EXERCISE PROMPT: Write out the data below exactly as given, without any of its pictures.

DATA SEGMENT:

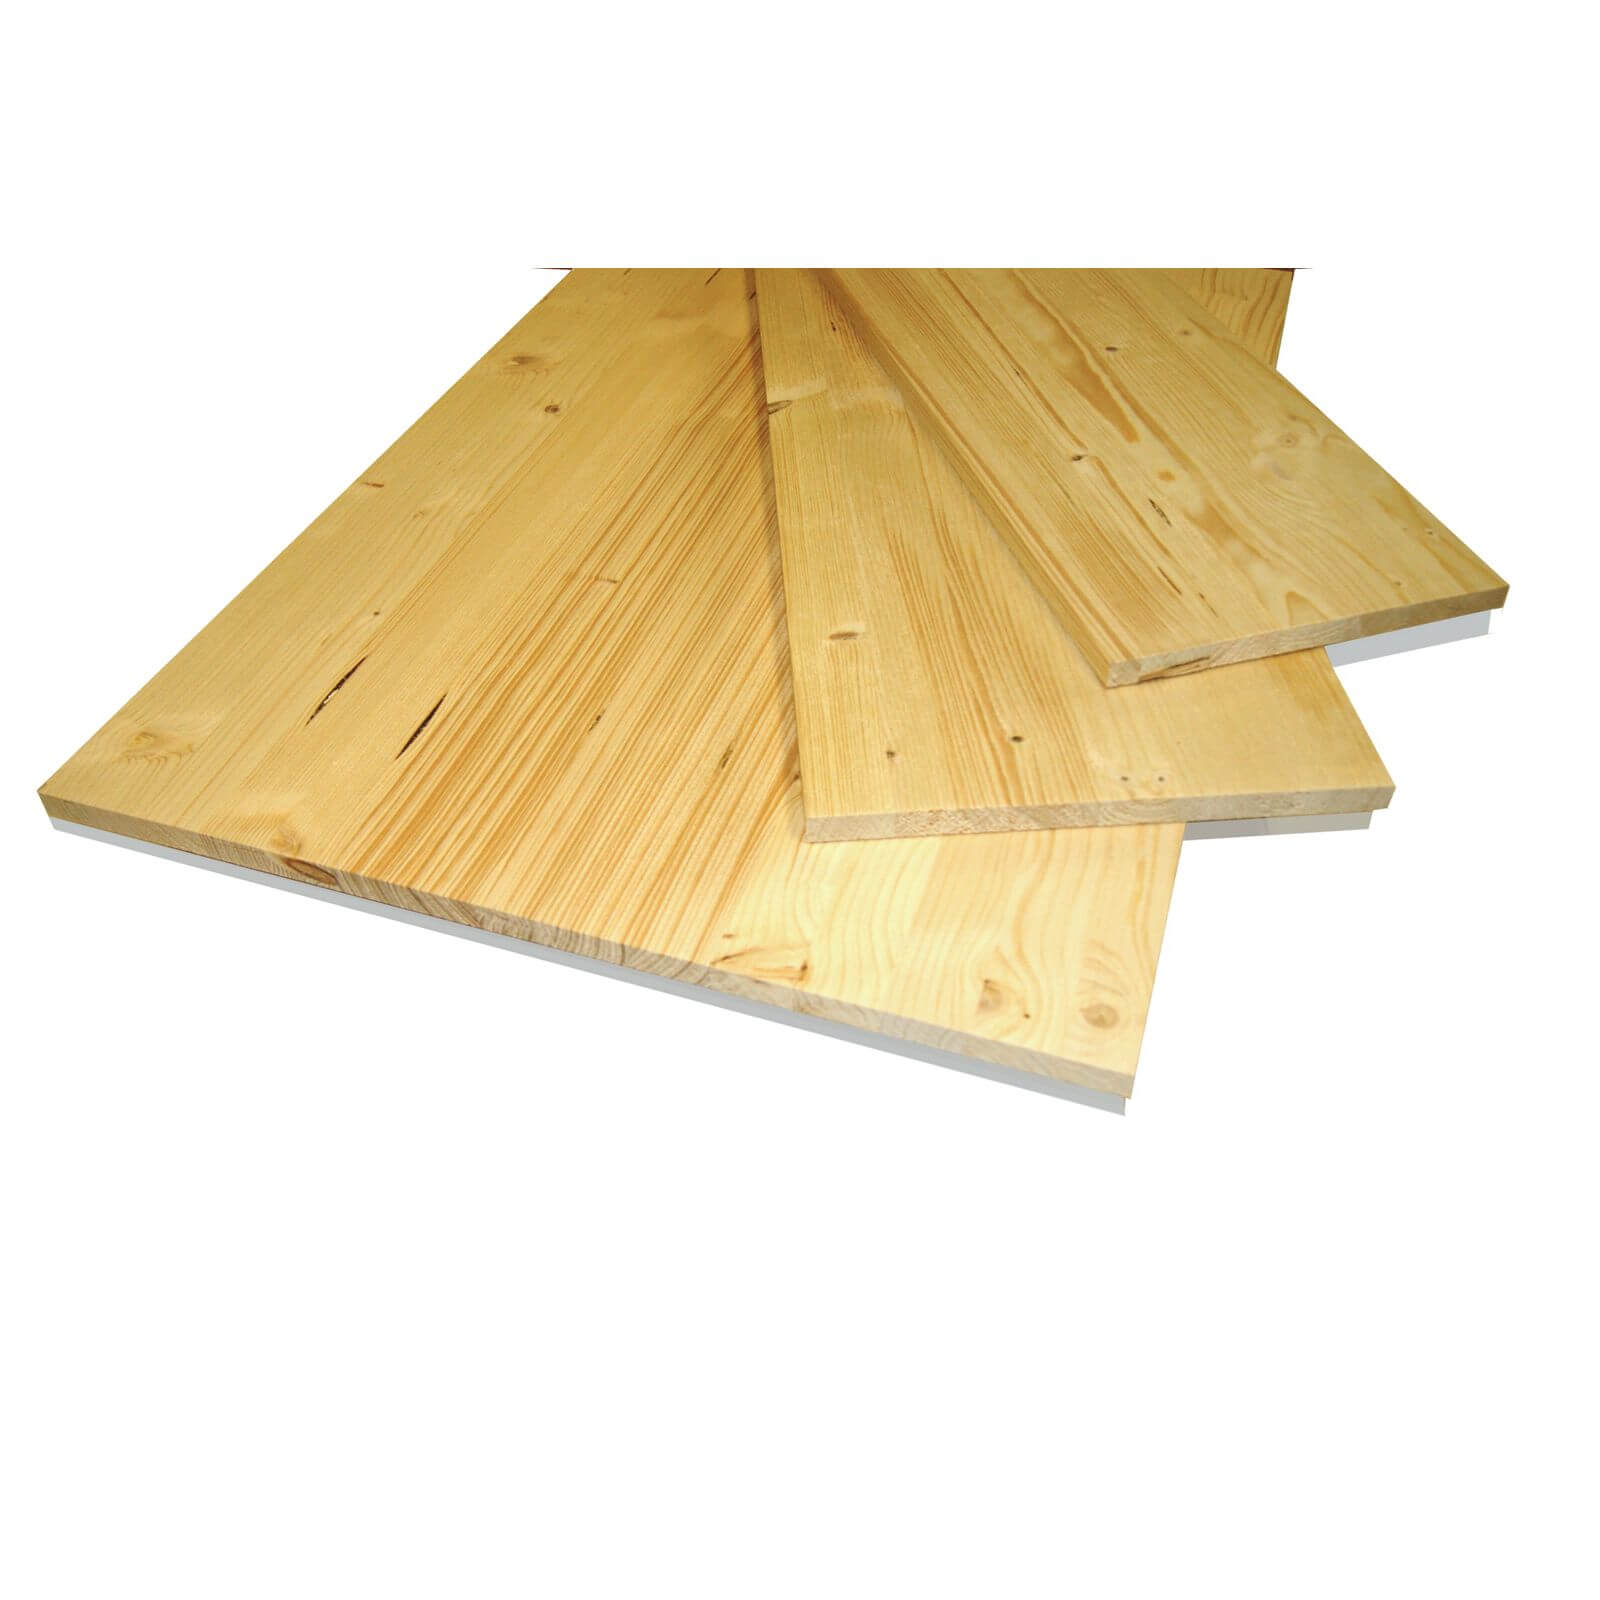 Metsa Wood Solid Spruce Wooden Panel Board 0.85m (18 x 300 x 850mm)
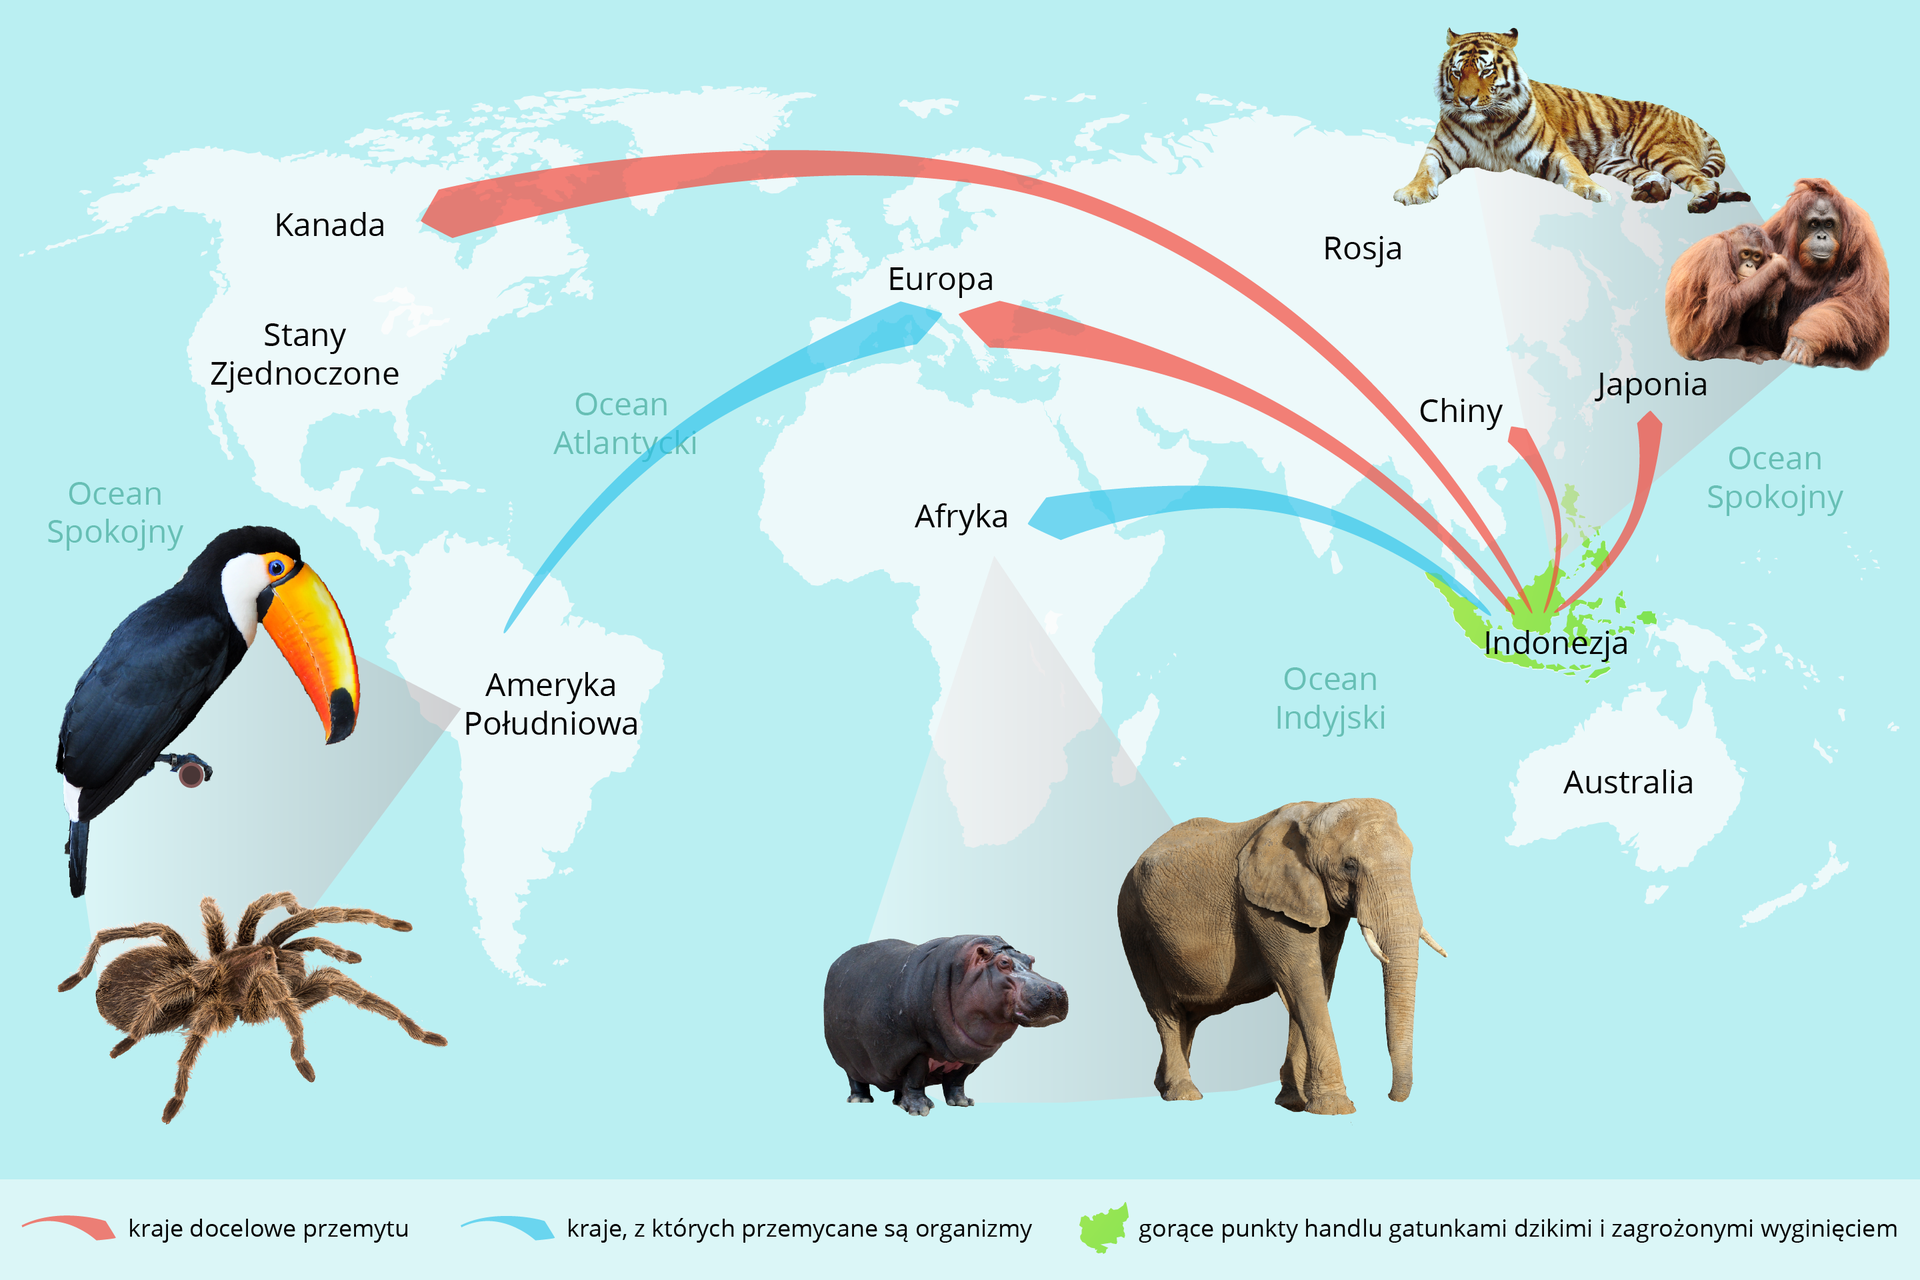 Ilustracja przedstawia mapę świata na błękitnym tle. Na obrzeżach znajdują się wizerunki zagrożonych gatunków. Strzałki wskazują drogi przemytu zwierząt. Kolorem zielonym oznaczono gorące punkty handlu gatunkami dzikimi i zagrożonymi wyginięciem.
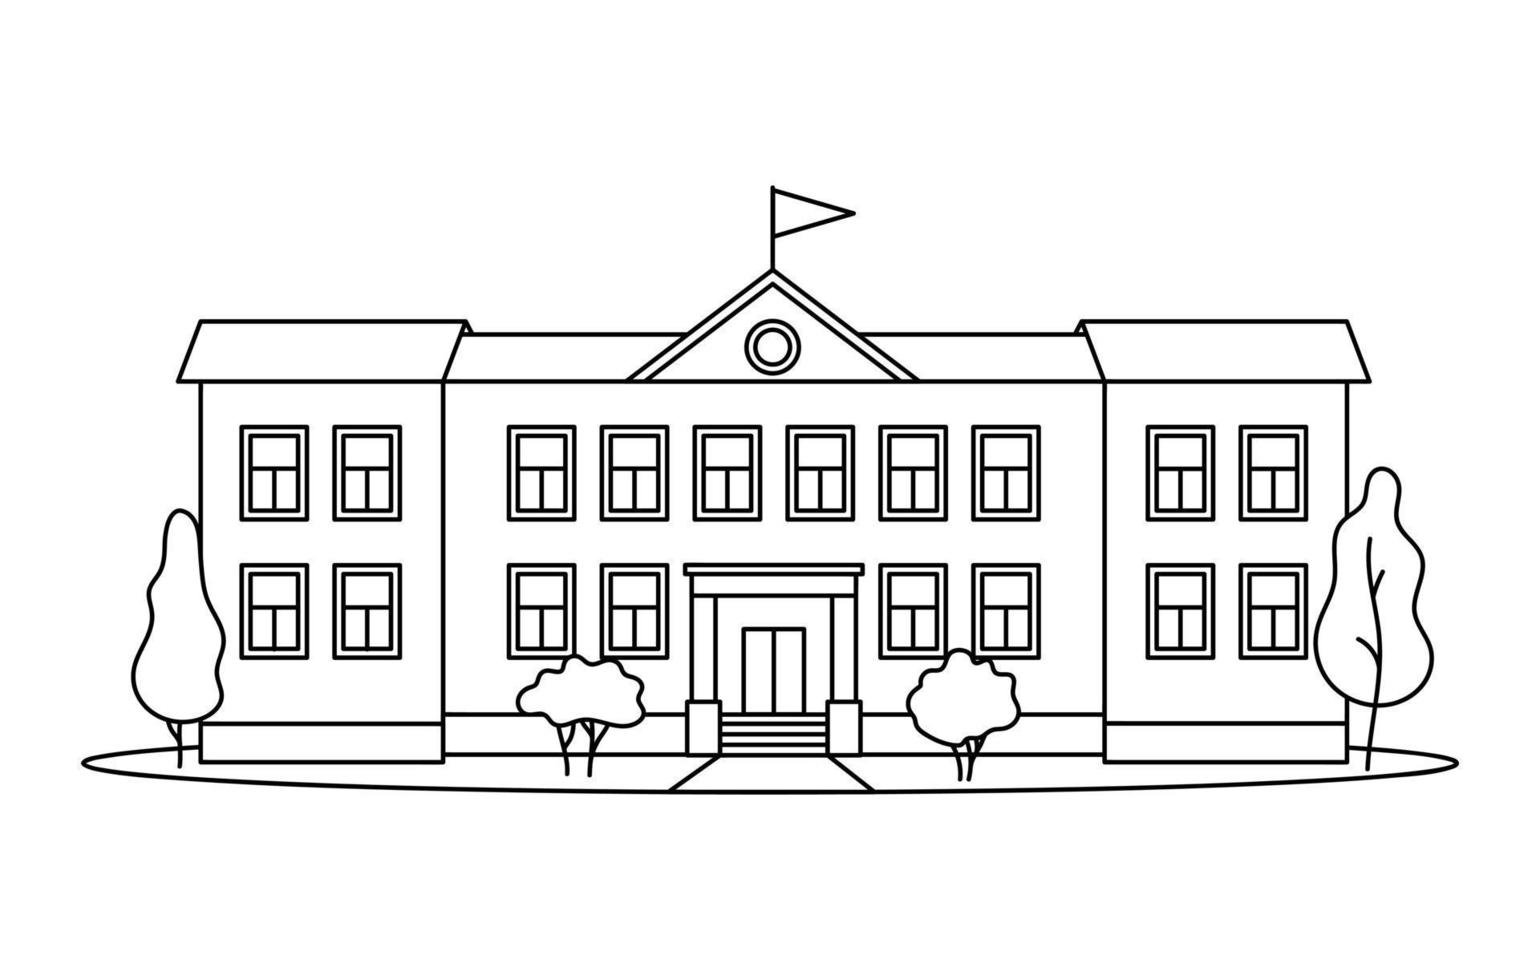 klassisk skolbyggnad med kolumner för barn eller elev ritade med kontursvarta linjer på vit bakgrund. vektor

WRITTEN ANSWER:
 Metsa Wood Solid Spruce Wooden Panel Board 0.85m (18 x 300 x 850mm)
 Ilustracja przedstawia mapę świata na błękitnym tle. Na obrzeżach znajdują się wizerunki zagrożonych gatunków. Strzałki wskazują drogi przemytu zwierząt. Kolorem zielonym oznaczono gorące punkty handlu gatunkami dzikimi i zagrożonymi wyginięciem.
 klassisk skolbyggnad med kolumner för barn eller elev ritade med kontursvarta linjer på vit bakgrund. vektor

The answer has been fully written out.